How do you get stains out of natural stone?
Remove spills as quickly as possible from your natural stone tiles. Blot with a paper towel or soft cloth. If the liquid is oily, make a paste with baking soda and water and leave it on the area for 24 hours. Wash the area with a neutral cleaner and damp cloth. Rinse then dry with a cloth. Allow to fully dry.
For a stain that you are unable to easily remove, consult a professional. Improper stain removal techniques may forever ruin a section of your flooring. While most stain issues may be resolved by common treatments, and the beauty of some natural stone varieties is the color irregularity, some stain overtreatments cannot be undone and will cause physical stone damage or unattractive visible.
How do you remove scuffs?
Rub a tennis ball on scuffs to gently remove them from your stone floor surfaces. For scratches on porous stone floors (think limestone or sandstone), try rubbing a bit of linseed, olive, or mineral oil into the scratch with a soft cloth to help fade the scratch.

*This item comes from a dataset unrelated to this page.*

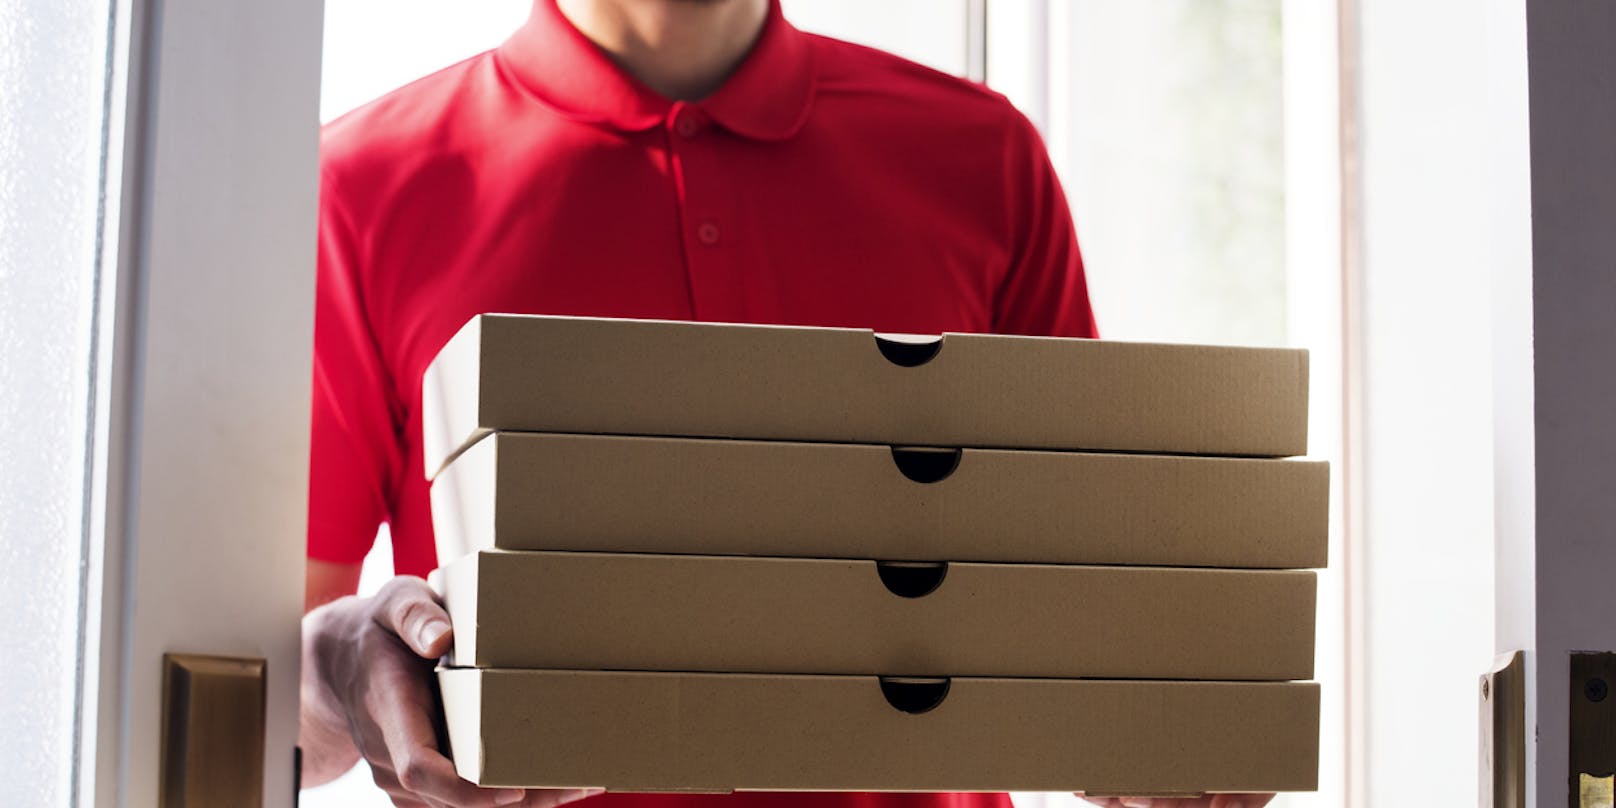 Der Pizza-Lieferant arbeitete 16 Stunden am Tag - ohne Überstundenentgelt.

6. Allow the floor to dry completely.
After you have finished cleaning your natural stone tiles, let the floor dry completely. Floors will dull if dirt meets the wet cleaning solution, and mildew will grow if rugs are placed on wet floors.
7. Add finishing touches.
Now that your natural stone tiles are clean and dry, you will want to add any needed finishing touches to protect your floors and make them sparkle.
How do you make natural stone shine?
If floors become dull and need a little extra help, some specialty techniques exist. While you can do these yourself, call in the experts if you have any doubt.
A floor machine provides multiple options for helping shine natural stone floors. Consult the floor machine guidelines and floor type specifications to see which method and materials work for your natural stone floor tiles. Polishing uses a buffing pad with a polishing powder to add a reflective gloss. Honing uses specialty floor pads with a coating of microscopic diamonds and water. Crystallization is used to polish calcium-based floors.
Do natural stone tiles need sealants?
Natural stone tiles have microscopic pores that soak up liquids. Periodically, you will need to seal your tiles and grout to provide the best surface protection. Verify sealant guidelines and utilize one intended for your tile and grout installation.
Keeping natural stone tiles beautiful is an easy process if viewed as part of a regular routine. Blot spills as soon as they occur so they do have an opportunity to seep into the stone becoming a dark stain. Use an all-in-one vacuum and mop machine or use a broom and mop regularly to help ensure dirt does not scratch or dull your stone floor.